Quelles en sont les raisons ?

 

Le paradoxe

Parmi les découvertes effectuées grâce à la neuroimagerie, celle que le cortex préfrontal (une composante essentielle des réseaux neuronaux impliquée dans le jugement, la prise de décision et le contrôle des impulsions) continue sa maturation chez une personne qui est dans la mi-vingtaine a une influence considérable. Cet apport des neurosciences pourrait alors expliquer la dissociation comportementale chez l’adolescent entre « je sais que c’est dangereux » mais « le gain plaisir immédiat me pousse à le faire ».
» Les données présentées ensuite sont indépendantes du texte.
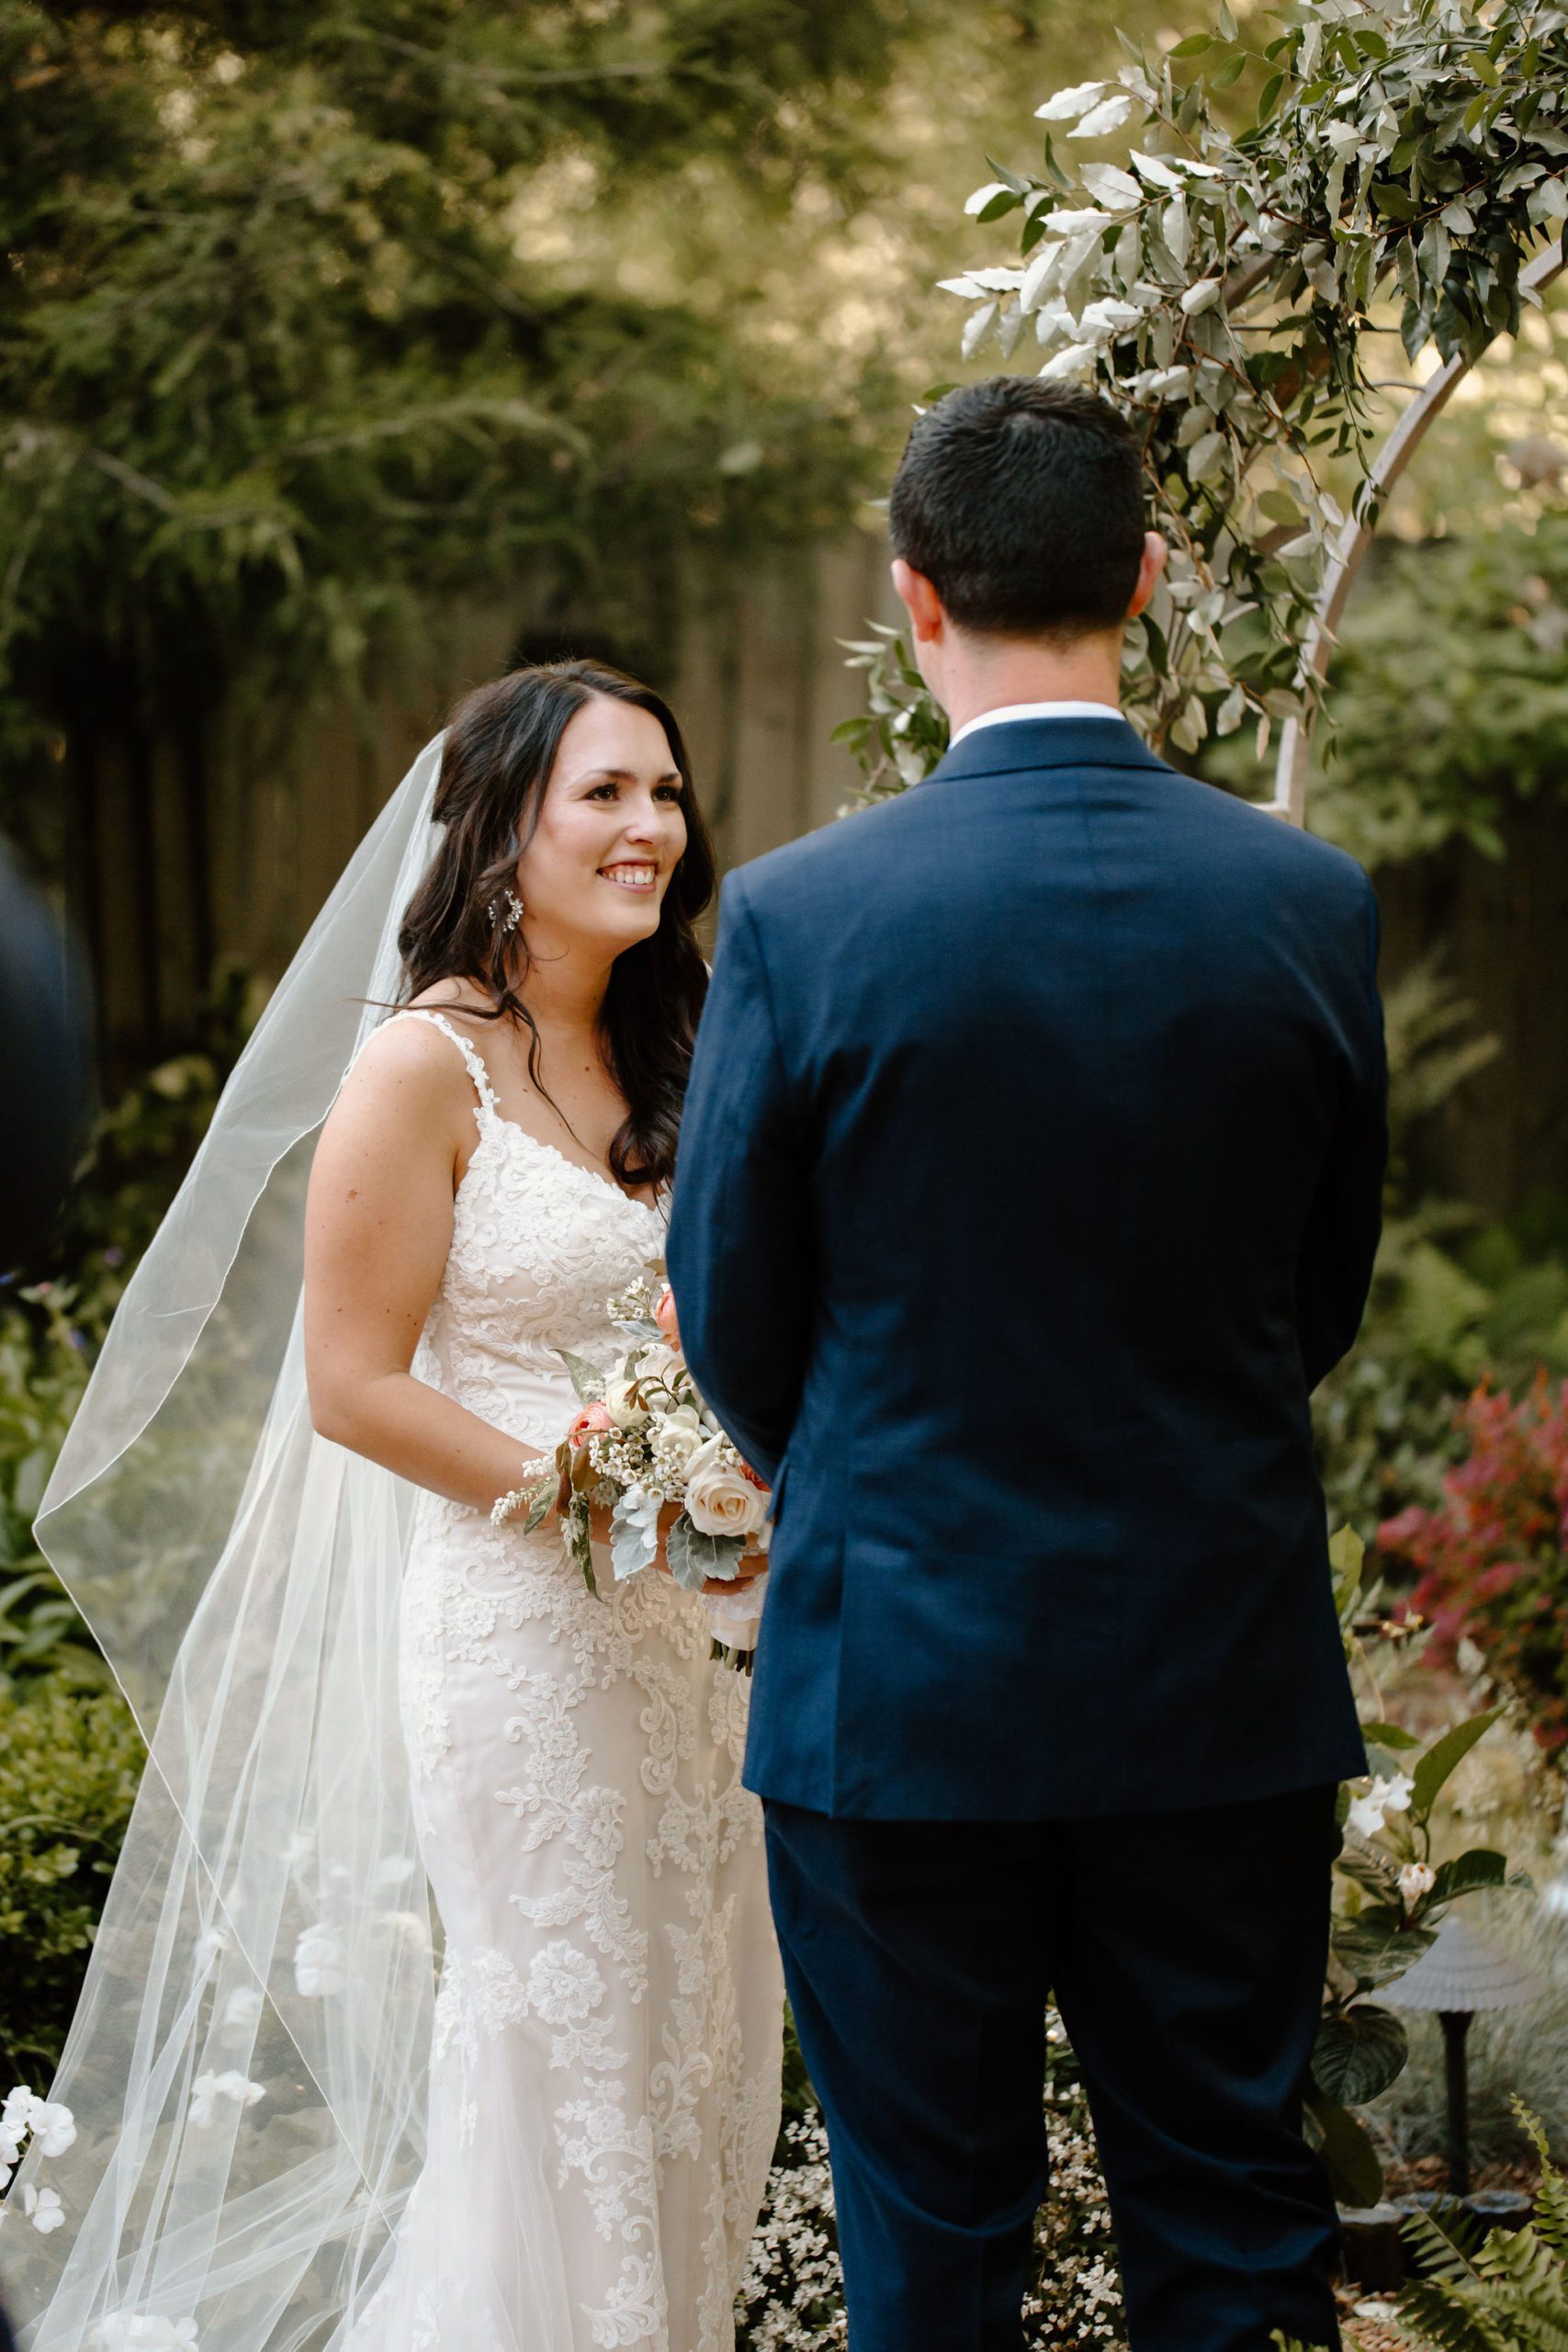 Beautiful bride and groom photos with light and airy floral arrangements and simple elegant decor 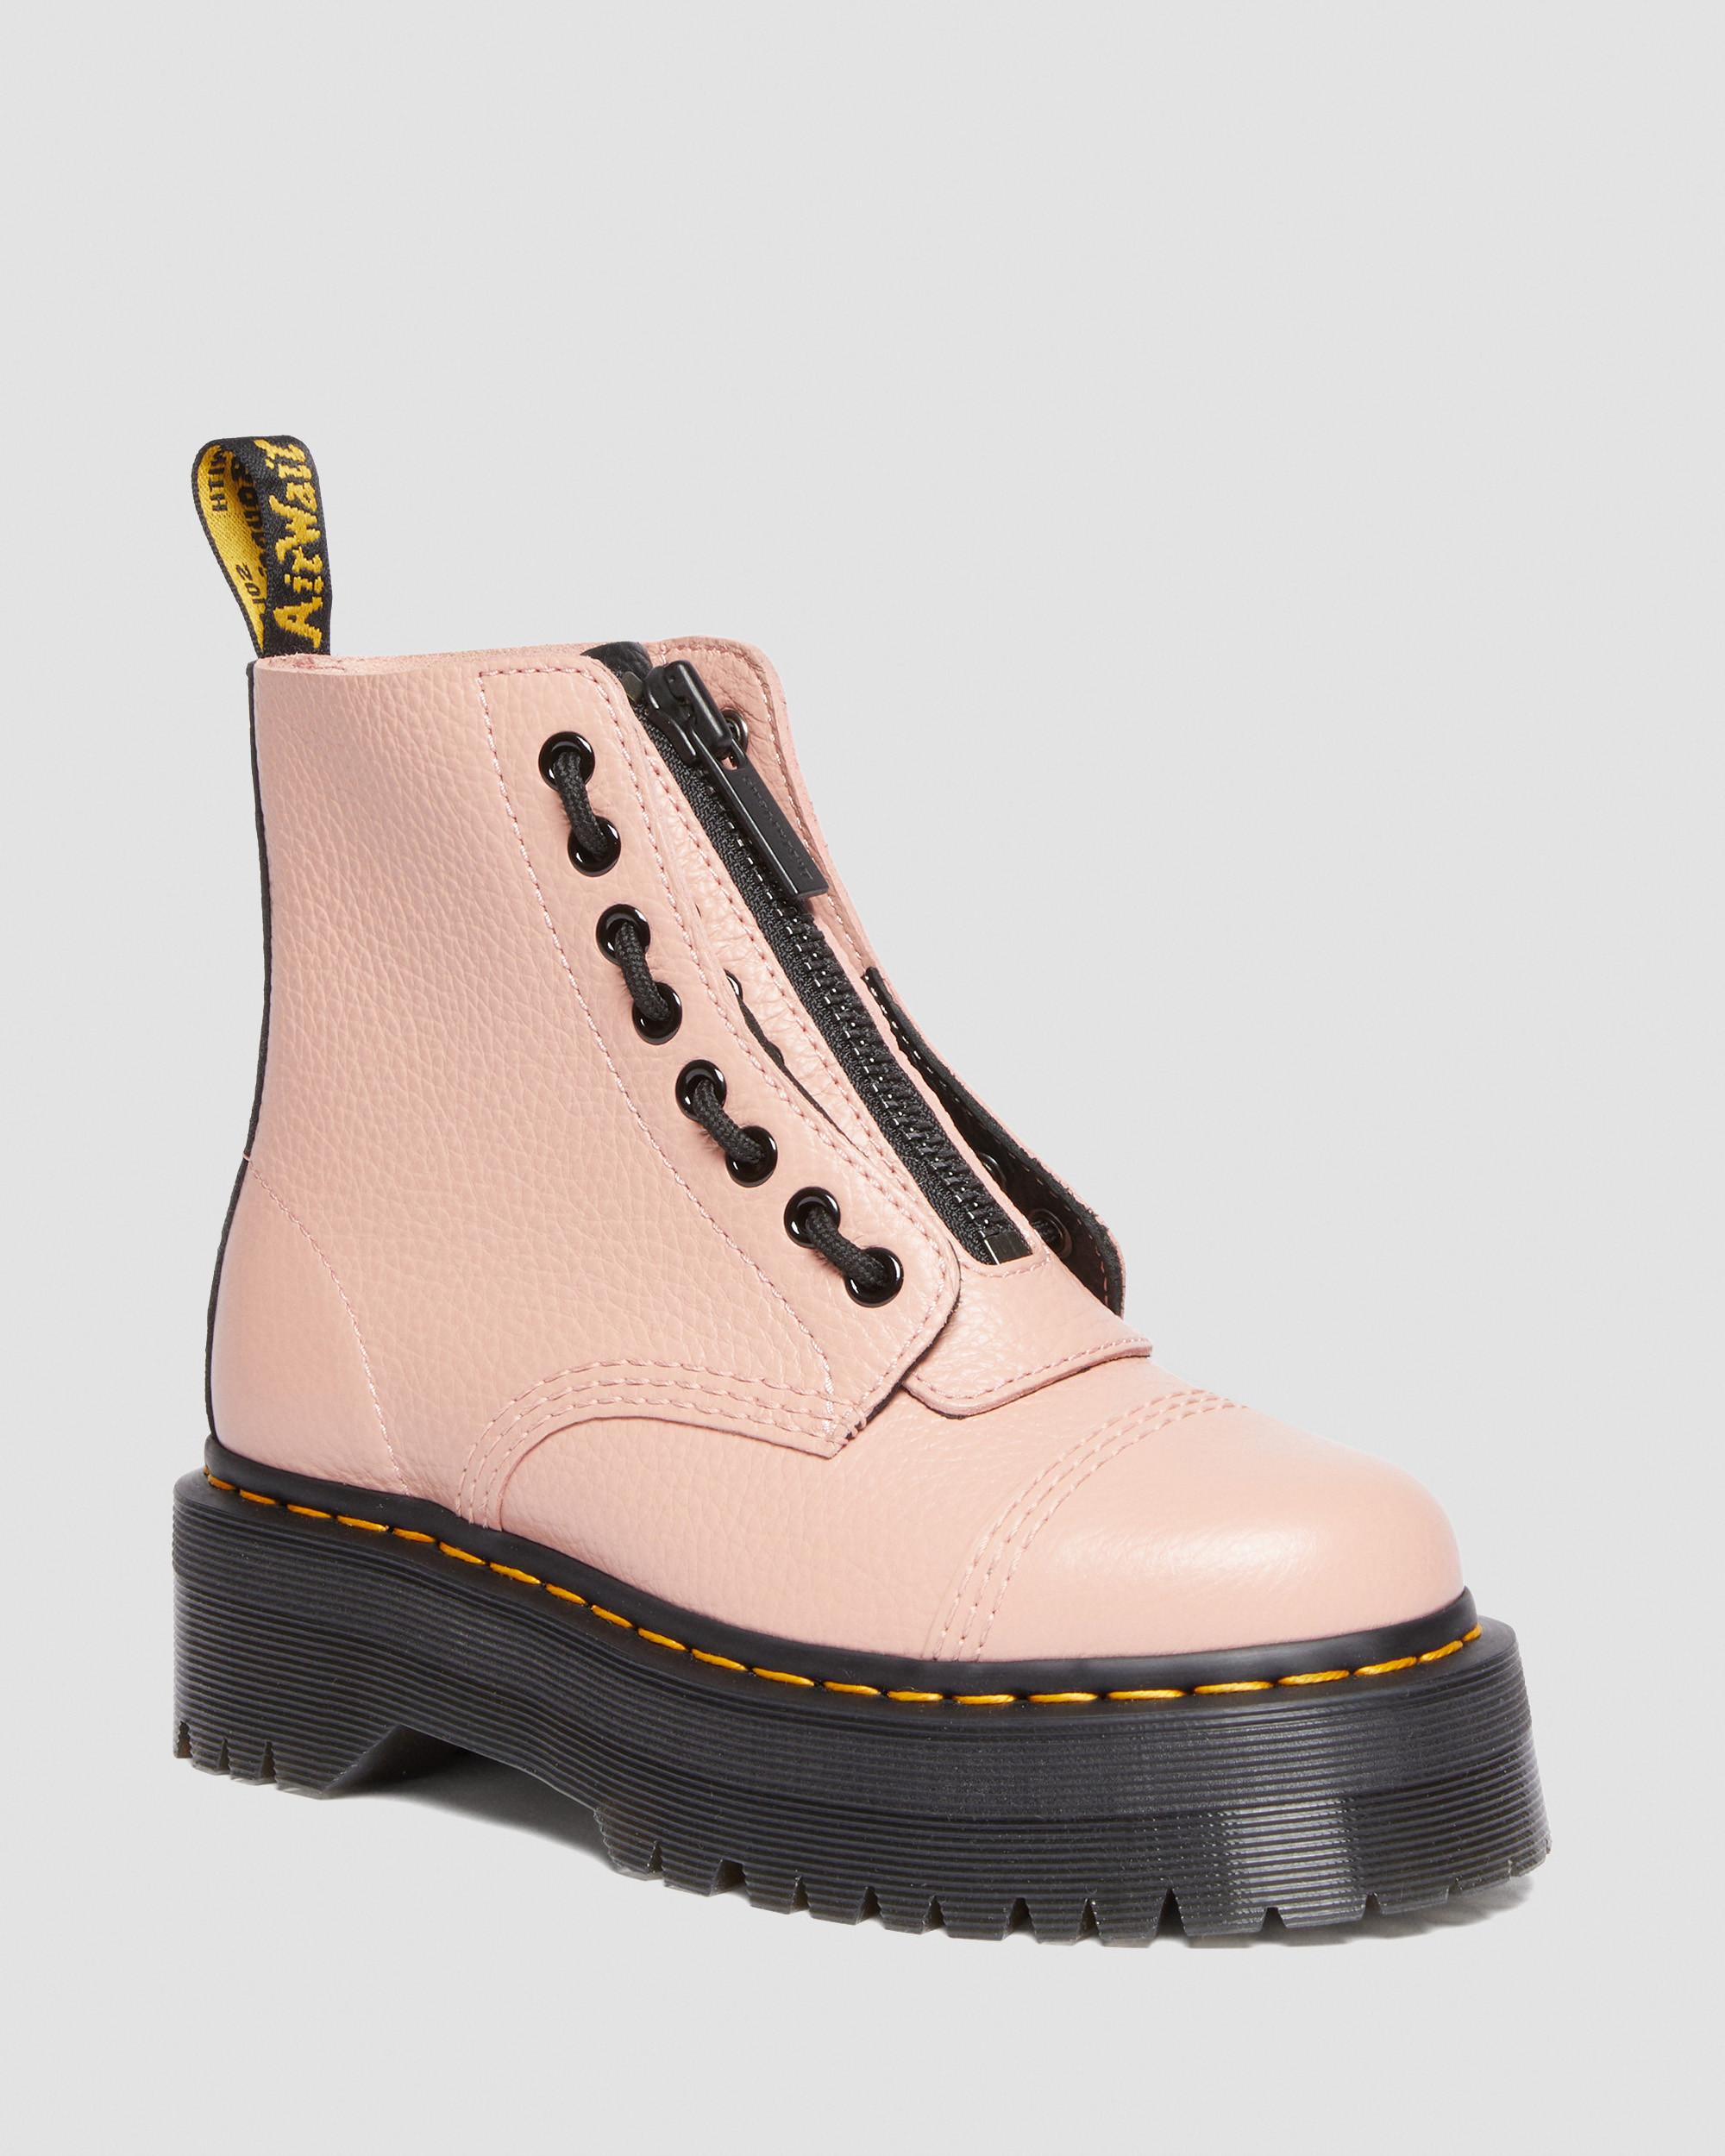 Dr. Martens' Sinclair Flatform Boots In Peach Leather-orange In Pink

Cette hypothèse permettrait de comprendre que 91% des jeunes âgés de 15 à 18 ans déclarent connaître les dangers du volume et de la durée d’écoute et malgré tout mettre leur santé auditive en danger. Il s’agit là d’un vrai paradoxe auxquels les acteurs de la prévention et de la santé se retrouvent quotidiennement confrontés.

 

Le besoin

Selon le Dr Laccoureyre, pédopsychiate, « Au cours de sa mue » vers un devenir de grande personne, l’adolescent trouve ses contours en expérimentant, en testant, en se risquant parfois mais aussi en se concentrant sur lui-même, sur son monde interne. La musique vient définir par dehors et par dedans. Elle vient cogner à l’extérieur et permet de configurer l’enveloppe ; elle pénètre l’intime et favorise le ressenti interne. Elle fait bain et vient tester l’hermétique de l’adolescent (la partie intime de son être) ; elle imprègne et lui rend accessible ses abysses psychiques. La musique joue alors le rôle de média en lui permettant d’entrer en dialogue intime avec lui-même. La musique possède les mêmes vertus que celles d’autres bains qui ont œuvré tout au départ et dont l’adolescent garde des traces bienfaitrices (liquide amniotique lors de la vie fœtale, bain de langage maternel,…). Les ondes musicales viennent activer les neurotransmetteurs reliés aux plaisirs et les zones de récompense. Ce qui provoque cet état de bonheur intense vers lequel chacun a envie de revenir. S’enfermer dans une bulle musicale correspond donc à un temps de construction identitaire à l’adolescence et il convient que l’adolescent puisse en user sans risquer la santé de ses oreilles. »

 

Changer de paradigme

Développer la notion d’écoute saine est donc l’enjeu de la prévention aujourd’hui. Ce d’autant plus que les générations Z et « alpha » vivent au quotidien une relation étroite avec leurs smartphones et la musique amplifiée. Les messages de prévention se sont peut-être trop heurtés aux plaisirs et à ses recherches dans leur formulation. Il est nécessaire de changer de paradigme et de développer la culture « du prendre soin de soi » ou culture du « Care » dès le plus jeune âge en l’intégrant à l’éducation à la santé. Ce serait alors donner du sens aux politiques de prévention de santé publique probablement vécues comme une somme d’interdits par les adolescents dont l’un des plaisirs est justement de braver les interdits. « Prendre soin de soi » n’est pas culturellement innée.

Faut-il pour autant délaisser les jeunes actuellement adolescents ? Non. Ils sont trop nombreux à souffrir d’acouphènes (sifflements et bourdonnements dans les oreilles survenant suite à traumatismes sonores aigus ou chroniques). Seul un engagement sociétal de l’ensemble des acteurs politiques et économiques orienté culture du « Prendre soin de soi » peut accélérer l’impact de la prévention. Cela repose à la fois sur une impulsion politique et un investissement individuel et collectif, un nouvel élan humaniste partagé.